Decision Date12 April 1926
Docket NumberNo. 216,216
Citation46 S.Ct. 392,70 L.Ed. 709,270 U.S. 512
PartiesUNITED STATES v. P. KOENIG COAL CO
CourtU.S. Supreme Court

The Attorney General, and Messrs. William D. Mitchell, Sol. Gen., Blackburn Esterline, Asst. Sol. Gen., both of Washington, D. C., and William H. Bonneville, Sp. Asst. Atty. Gen., for the United States.

Messrs. Harold Goodman and Edwin R. Monnig, both of Detroit, Mich., for defendant in error.

[Argument of Counsel from page 513 intentionally omitted] Mr. Chief Justice TAFT delivered the opinion of the Court.

The P. Koenig Coal Company was indicted in the District Court for the Eastern District of Michigan, under the Elkins Act (Comp. St. §§ 8597-8599), for knowingly receiving as a shipper concessions from a carrier under the Interstate Commerce Act (Comp. St. § 8563 et seq.) in respect to transportation of property in interstate commerce obtained by deceitful representation made to the carriers on which the carriers innocently and in good faith relied. The District Court sustained a demurrer to the indictment, and the United States prosecutes a writ of error under the Criminal Appeals Act (Judicial Code, § 238, par. 2, as re-enacted by the Act of February 13, 1925, 43 Stat. 938, c. 229 (Comp. St. Supp. 1925, § 1215)), which provides that a writ of error from the District Court may be taken directly to this Court from a judgment sustaining a demurrer to any indictment or any count thereof where such judgment is based upon the invalidity or construction of the statute upon which the indictment is founded.
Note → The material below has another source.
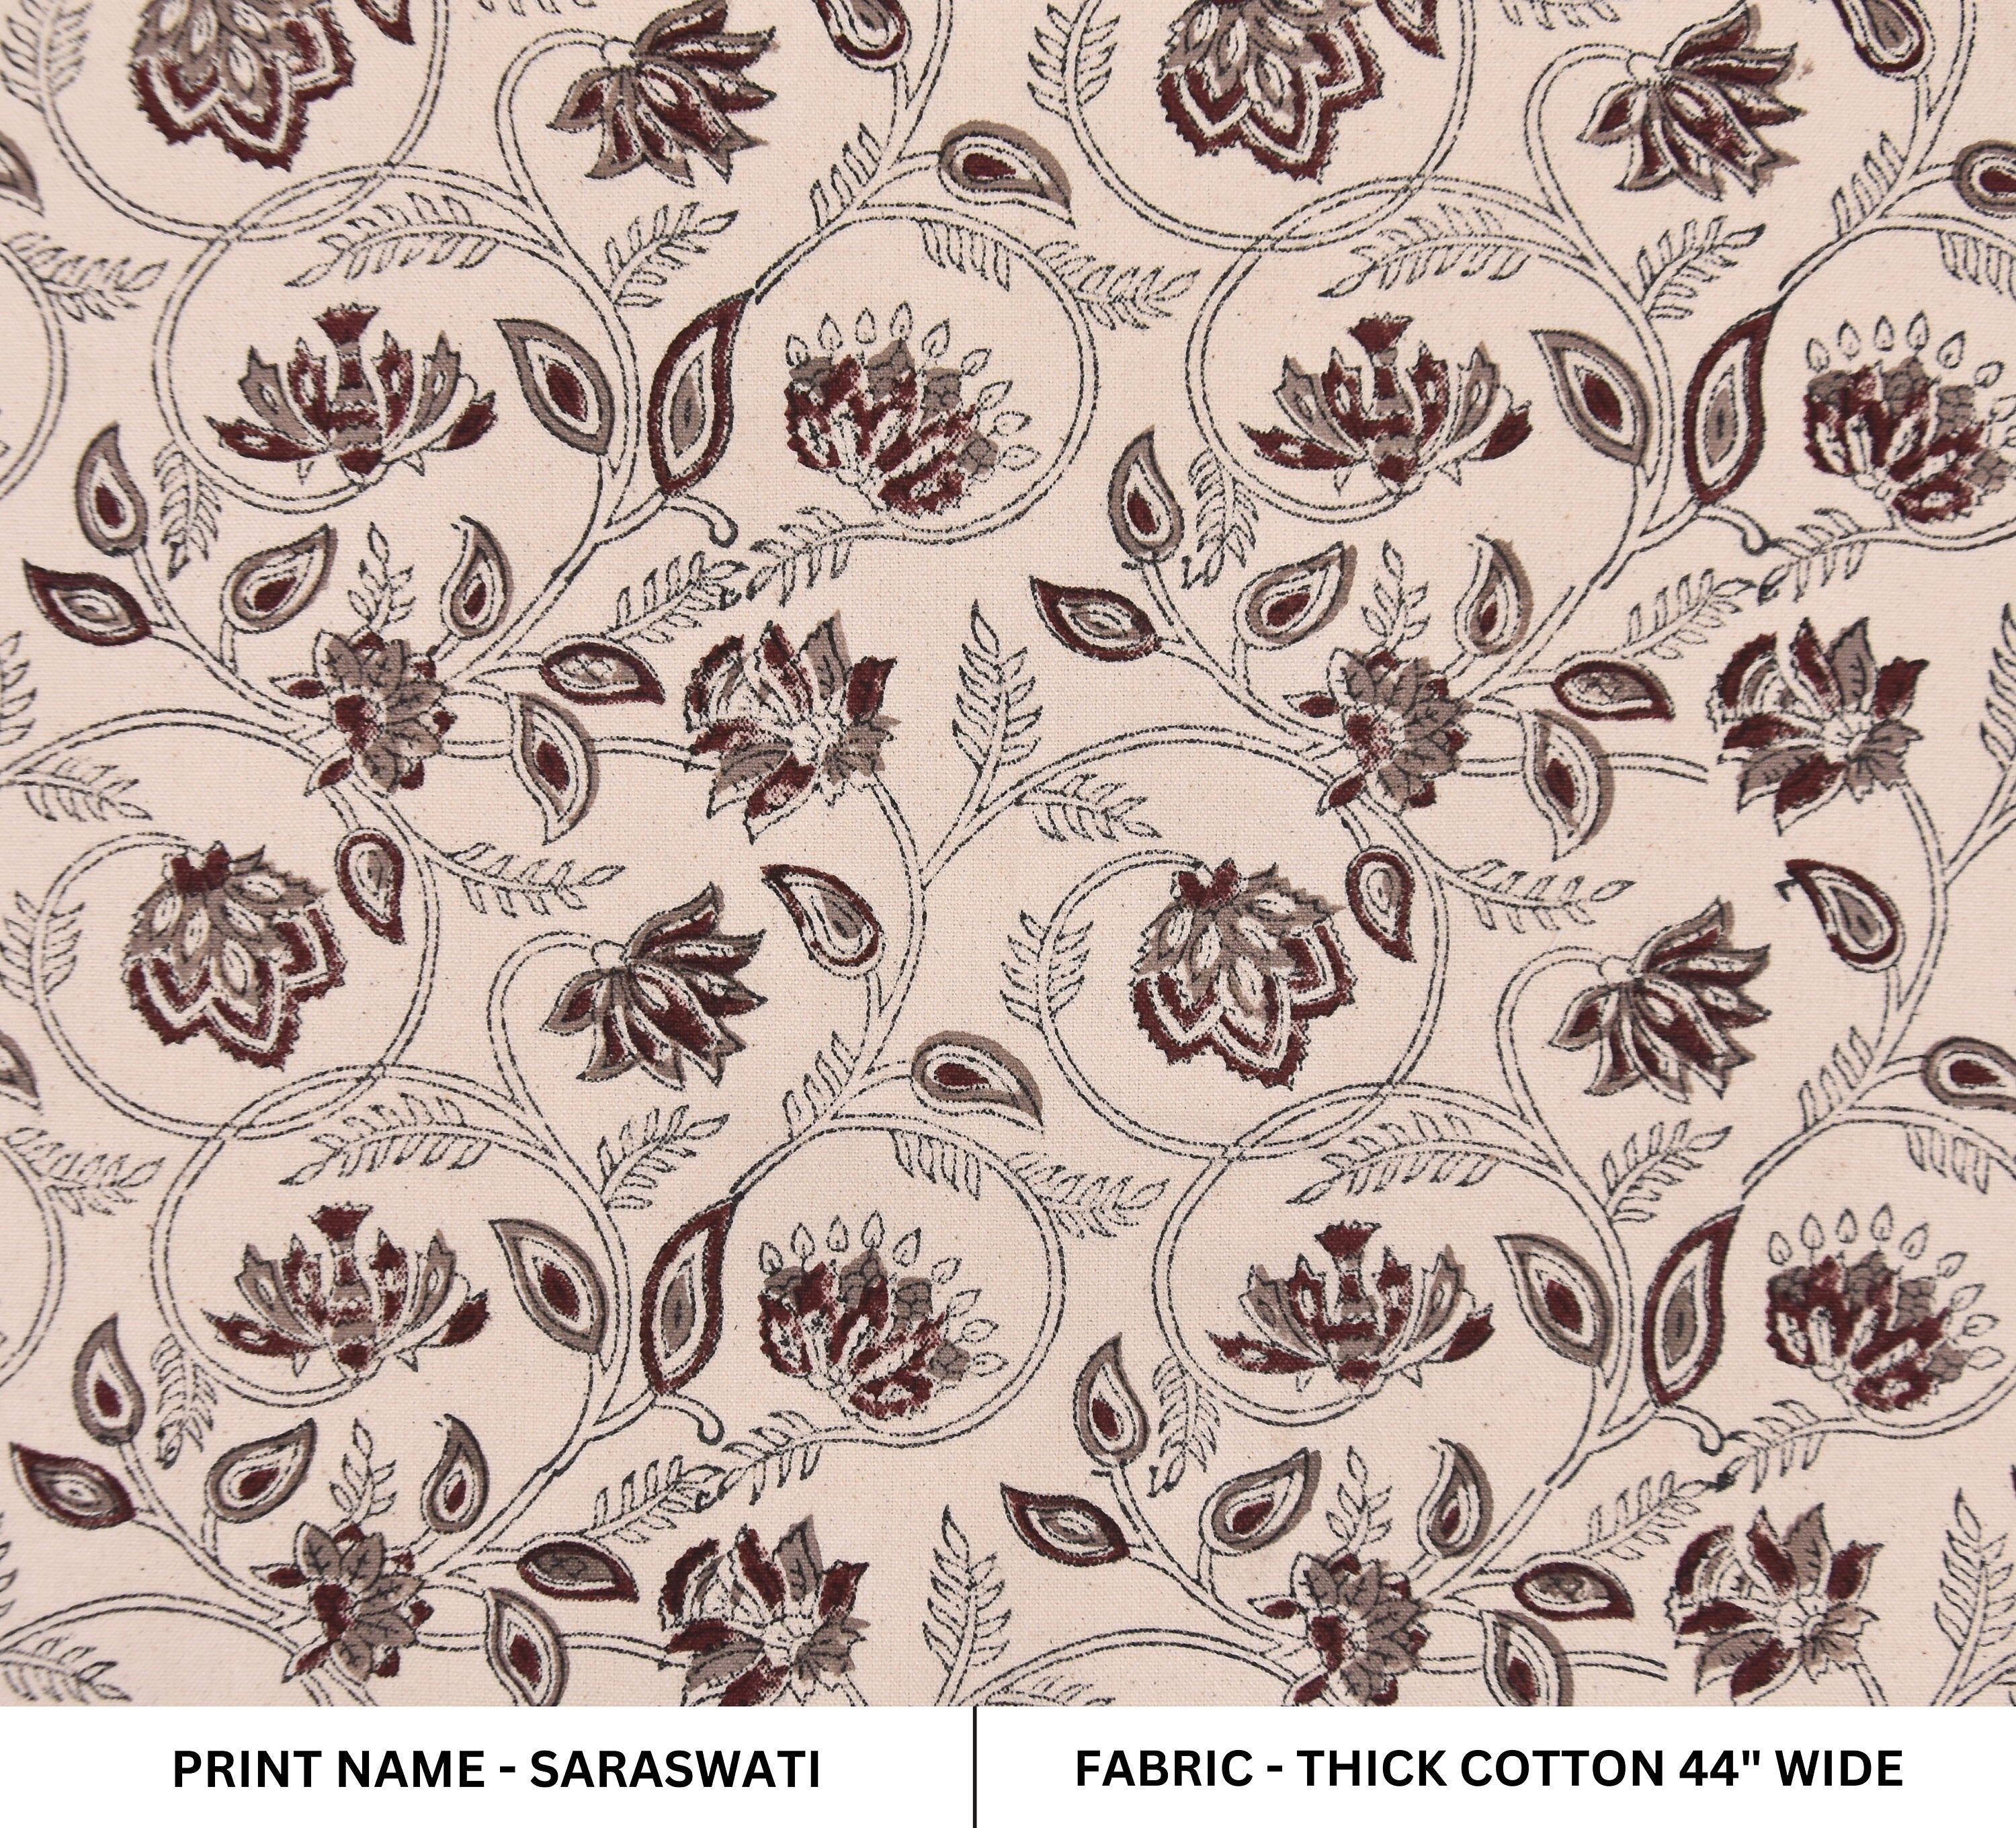 Thick cotton 44" wide fabric, Indian cotton fabric, cushion covers and window shades, farmhouse decor, rustic curtains - SARASWATI

The District Court held that section 1 of the Elkins Act of February 19, 1903, c. 708, 32 Stat. 847 (re-enacted in section 2 of the Hepburn Act of June 29, 1906, c. 3591, 34 Stat. 587 (Comp. St. § 8597)), under which the indictment was found, applies only to a shipper who knowingly receives a concession from a carrier when such concession is knowingly granted by the carrier in equal guilt with the shipper. United States v. P. Koenig Coal Co., 1 F. (2d) 738.

The Koenig Coal Company is a Michigan corporation doing business in Detroit. The defendant was indicted on 18 counts applying respectively to 18 carloads of coal. The shipments originated in West Virginia, and were moved to Detroit in August, 1922, over the Chesapeake & Ohio Railroad Company as the initial carrier for each car.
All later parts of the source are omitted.